Adding this bit of code ends up hanging the server. The query never inserts anything into the database, there are no cypher errors/warnings, and all cypher queries done from then on never return (or timeout for that matter). It's as if the server has locked the DB and every future query is waiting for a global transaction to finish. I have to kill -9 the server and restart it.

The last log entries that have any new information are in debug.log:

2019-01-05 02:54:46.490+0000 INFO [o.n.k.i.t.l.c.CheckPointerImpl] Checkpoint triggered by scheduler for time threshold @ txId: 321297 checkpoint started...
2019-01-05 02:54:48.002+0000 INFO [o.n.k.i.s.c.CountsTracker] Rotated counts store at transaction 321297 to [/home/ec2-user/efs/neo4j/data/databases/graph.db/neostore.counts.db.b], from [/home/ec2-user/efs/neo4j/data/databases/graph.db/neostore.counts.db.a].
2019-01-05 02:57:49.822+0000 INFO [o.n.k.i.t.l.c.CheckPointerImpl] Checkpoint triggered by scheduler for time threshold @ txId: 321297 checkpoint completed in 3m 3s 326ms
2019-01-05 02:57:50.866+0000 INFO [o.n.k.i.t.l.p.LogPruningImpl] No log version pruned, last checkpoint was made in version 1070

I'm hoping someone here can point out to me the error of my ways or tell me a better way to do what I'd like?

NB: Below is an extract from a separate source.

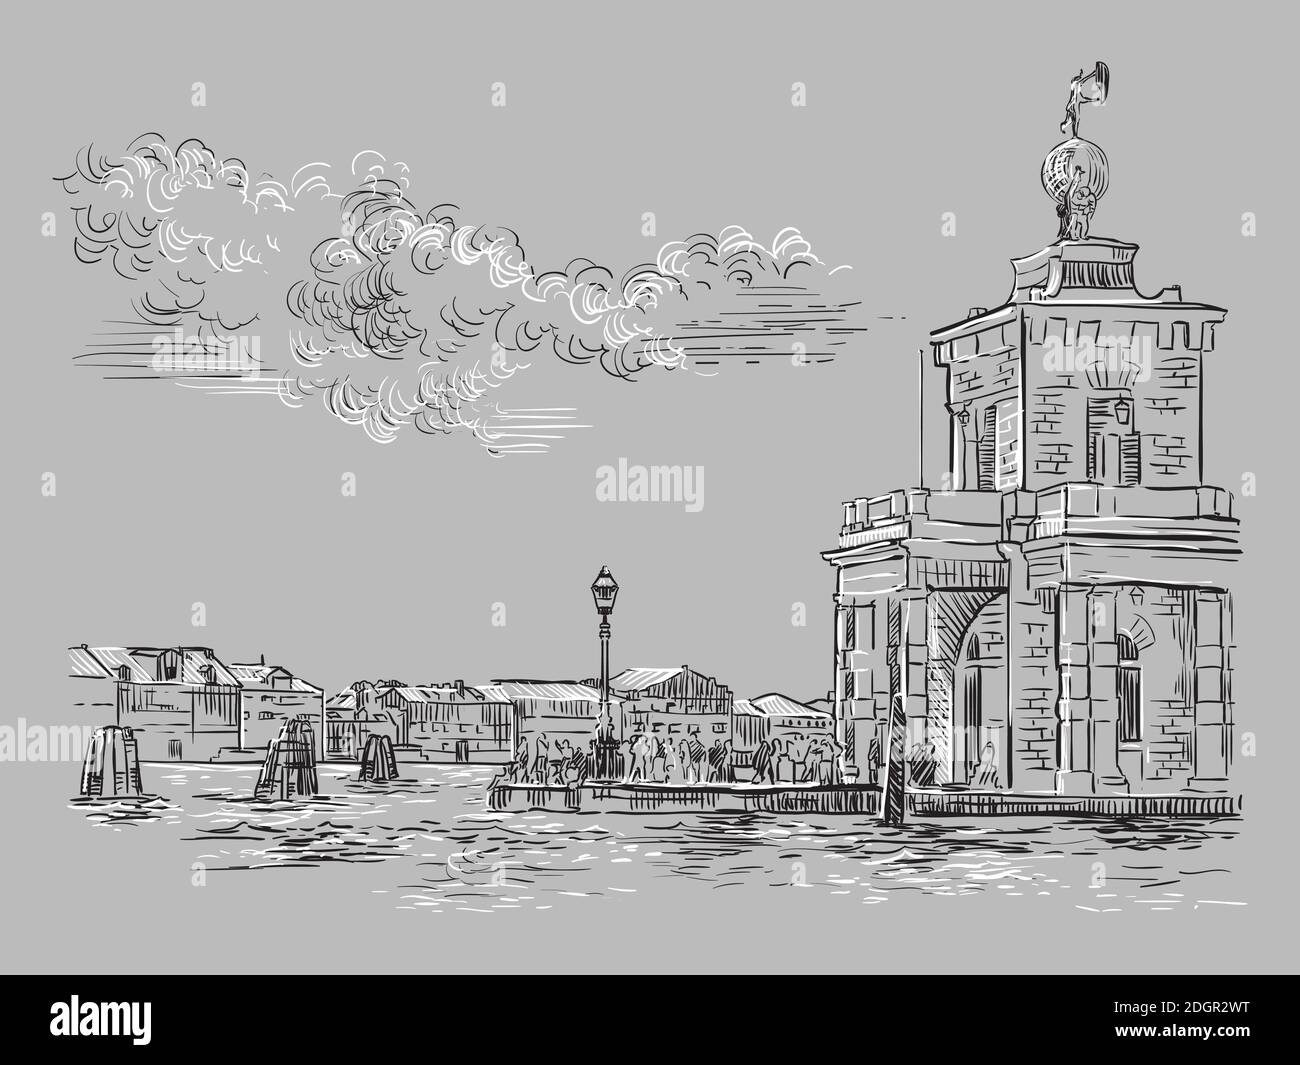 Dessin vectoriel à la main illustration de Della Dogane à Venise. Venise Skyline croquis dessiné à la main dans des couleurs monochromes isolées sur fond gris. Illustration de Vecteur

I'm using neo4j version 3.4.4.


(Stefan Armbruster) #2

I guess you're suffering the well known eager pipe issue. There are a few blog posts out there on this.
Bottom line: have multiple "load csv" commands where each one does only a smaller part of the work to prevent eager pipe.

(Massung) #3

Thanks for the reply. I can give that a try.

Out of curiosity, is my method for optionally fetching (and connecting to) the other node the best way of doing that?

(Stefan Armbruster) #4

Instead of the case ... foreach you could simply do a where g <> null and do an unconditional merge afterwards.

(Massung) #5

Sure, that's fine (now) given that it's in a separate query where such a filter is OK because there's nothing else happening other than that single merge (note: this did fix my issue and thank you!).

But, let's say the original query didn't suffer from the "eager pipeline" issue. Would the optional match and foreach be the way to go still in that case still, or is there some other way that would be more readable?

For example, I imagine just doing:

load csv ... as r

optional match (a:A) where a.name = r.aName
create (b:B { ... })

// other merge operations here...

merge (b)-[:HAS]->(a)

I assumed that would break if a was null, hence why I chose the foreach.